I don't remember it being that great (there were an awful lot of paragraphs in italics ending with an exclamation mark that all pulp horror books had at that time!) but I live near Blackheath now & would like to revisit it.

Found it!


We used to borrow a lot of books on tape from the library, and one of the ones we had out several times was a short story collection called "Ghostly Companions" by Vivien Alcock. It was all supernaturally themed stories, most of them were fairly tame, but the story that gave the book it's title, "The Ghostly Companion," really got under my skin in a major way. It's about a bloke who breaks a mirror in a drunken rage, and from then on is followed everywhere by an eerie doppelganger that doesn't speak and can only imitate everything he does. It's implied he eventually kills himself but this doesn't stop the reflected man, who is still walking the streets looking for his double.

I think I had a bit of a phobia about mirrors for some time after hearing it, especially since not long after we stayed in a holiday place somewhere, where some lunatic had covered every wall in the bathroom in mirrored glass, so from whichever way you looked you ended up staring into an infinity of reflections. I used to have to get in there and do my business as quickly as humanly possible so I could get out before the mirror fucker got me.

Solid Jim

Quote from: elliszeroed on December 26, 2021, 04:46:41 PMI remember reading a book called The Maggot, a horror story about a guy whose brain is controlled by a maggot. I can't find it anywhere online. I only ever get Paul Jennings or John Fowles.

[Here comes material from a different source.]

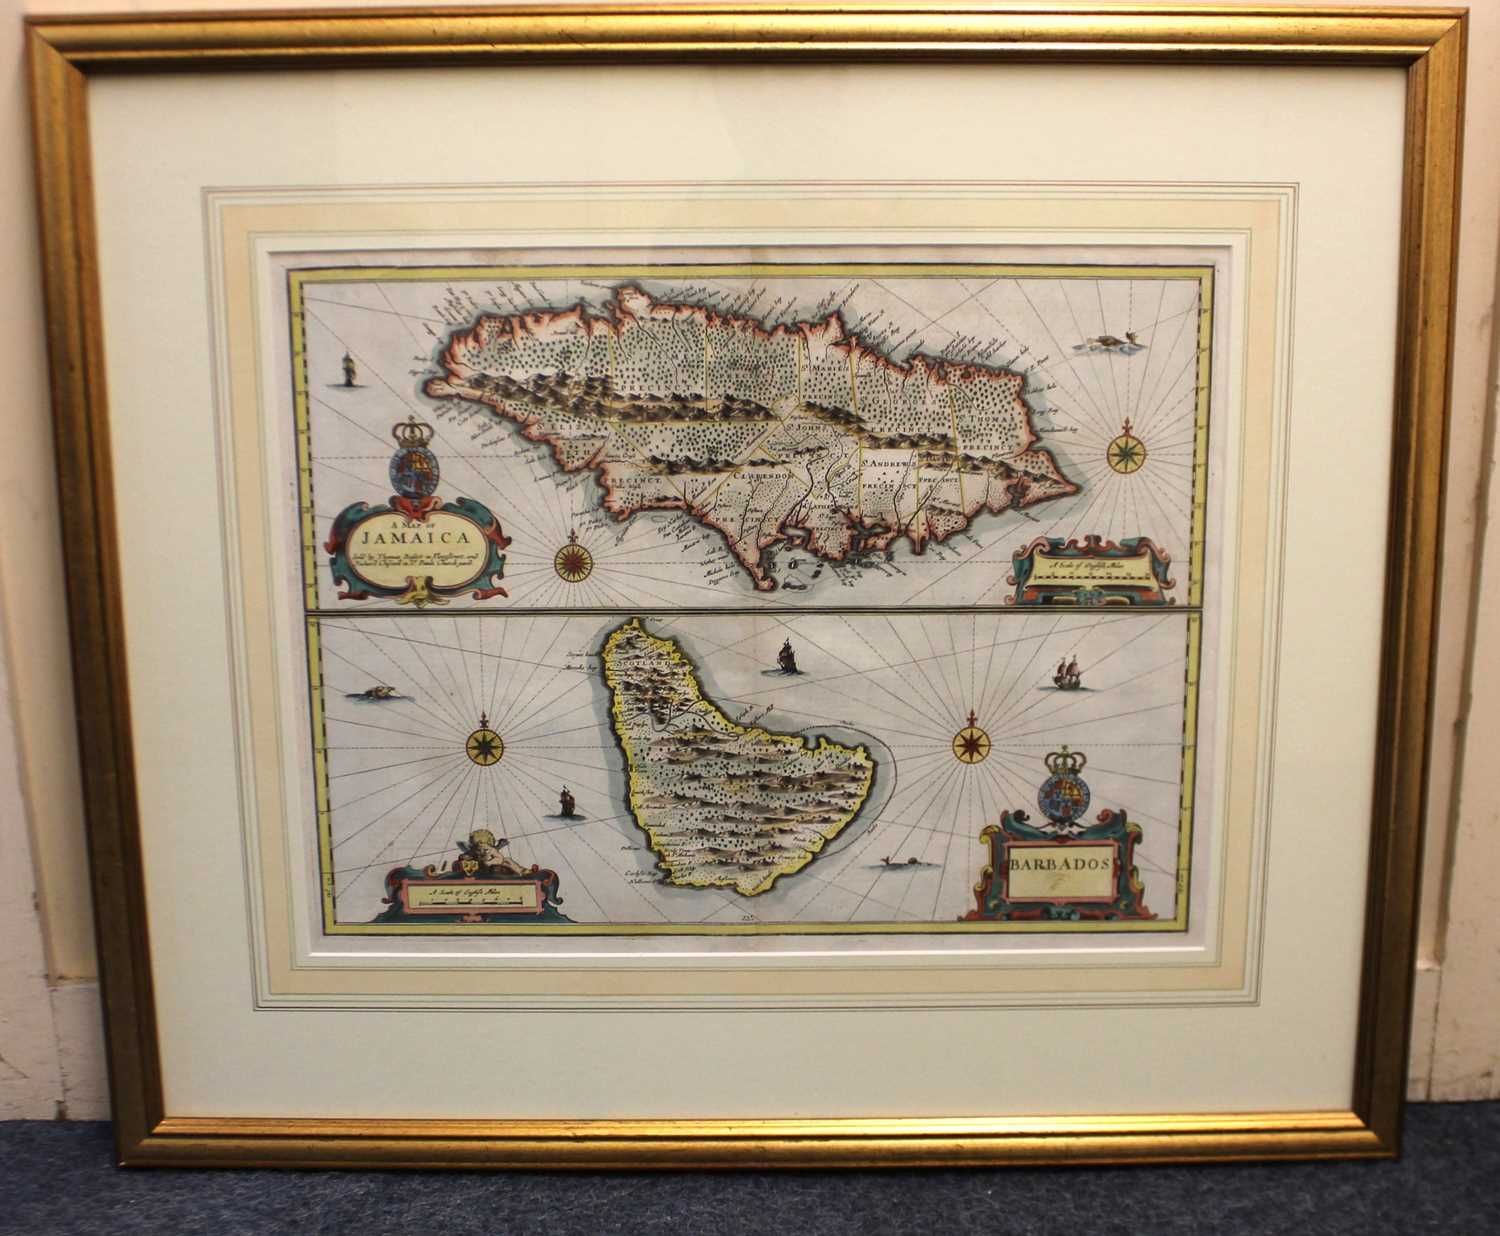 John Speed (1552-1629), a coloured map of Jamaica and Barbados, sold by Thomas Basset in Fleet

It's not the Paul Jennings one? I remember such a book which was published as part of a series called Spirals. It began with the protagonist finding a dead mouse inside his light switch, or something similar.

Quote from: Phoenix Lazarus on December 26, 2021, 06:39:12 PMa boy who goes to a boarding school at night, meets three supposed fellow pupils who end up trying to sacrifice him to the Devil and then escapes, only to learn that the three boys died years ago.

This was in one of the Armada Ghost Stories collections.

willbo

What about the short story Bobo's Star, about a boy who's "make your own star" kit turns into a black hole? That always chilled me.